**WHAT TO DO**
Below are several records. Retype exactly those lines running from the one with "Wave effect en salle de bain" through the one with "Victory-Centaur-140329-016-048.jpg", end lines included, and no others.

**SUPPLIED ENTRIES**
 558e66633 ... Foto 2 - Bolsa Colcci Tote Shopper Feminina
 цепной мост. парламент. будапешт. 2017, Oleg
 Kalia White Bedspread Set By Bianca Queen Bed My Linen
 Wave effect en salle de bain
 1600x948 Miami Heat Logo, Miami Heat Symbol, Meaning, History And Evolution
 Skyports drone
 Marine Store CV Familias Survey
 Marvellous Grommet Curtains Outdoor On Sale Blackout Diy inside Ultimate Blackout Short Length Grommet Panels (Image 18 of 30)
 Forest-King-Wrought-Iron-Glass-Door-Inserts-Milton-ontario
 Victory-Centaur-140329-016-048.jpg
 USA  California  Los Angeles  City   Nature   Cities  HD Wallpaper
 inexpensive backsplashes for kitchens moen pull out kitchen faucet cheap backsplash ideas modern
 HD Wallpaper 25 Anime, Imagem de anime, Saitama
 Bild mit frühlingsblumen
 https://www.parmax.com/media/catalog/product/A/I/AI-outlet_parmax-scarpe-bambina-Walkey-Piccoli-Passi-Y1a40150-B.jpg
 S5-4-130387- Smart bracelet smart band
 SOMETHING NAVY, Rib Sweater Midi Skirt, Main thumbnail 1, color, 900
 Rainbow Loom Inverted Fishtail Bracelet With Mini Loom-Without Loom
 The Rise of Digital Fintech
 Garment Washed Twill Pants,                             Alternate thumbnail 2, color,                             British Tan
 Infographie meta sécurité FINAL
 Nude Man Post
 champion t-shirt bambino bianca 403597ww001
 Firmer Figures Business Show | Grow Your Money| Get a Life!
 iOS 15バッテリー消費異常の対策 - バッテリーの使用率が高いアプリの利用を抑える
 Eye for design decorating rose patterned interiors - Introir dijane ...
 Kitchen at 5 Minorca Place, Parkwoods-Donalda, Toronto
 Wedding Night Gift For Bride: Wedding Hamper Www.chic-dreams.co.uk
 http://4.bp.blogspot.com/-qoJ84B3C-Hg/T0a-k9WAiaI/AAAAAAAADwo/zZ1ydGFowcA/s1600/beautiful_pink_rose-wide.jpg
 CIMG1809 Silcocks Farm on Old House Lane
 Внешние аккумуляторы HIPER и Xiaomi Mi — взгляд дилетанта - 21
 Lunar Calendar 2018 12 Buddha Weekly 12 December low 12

**TASK OUTPUT**
 Wave effect en salle de bain
 1600x948 Miami Heat Logo, Miami Heat Symbol, Meaning, History And Evolution
 Skyports drone
 Marine Store CV Familias Survey
 Marvellous Grommet Curtains Outdoor On Sale Blackout Diy inside Ultimate Blackout Short Length Grommet Panels (Image 18 of 30)
 Forest-King-Wrought-Iron-Glass-Door-Inserts-Milton-ontario
 Victory-Centaur-140329-016-048.jpg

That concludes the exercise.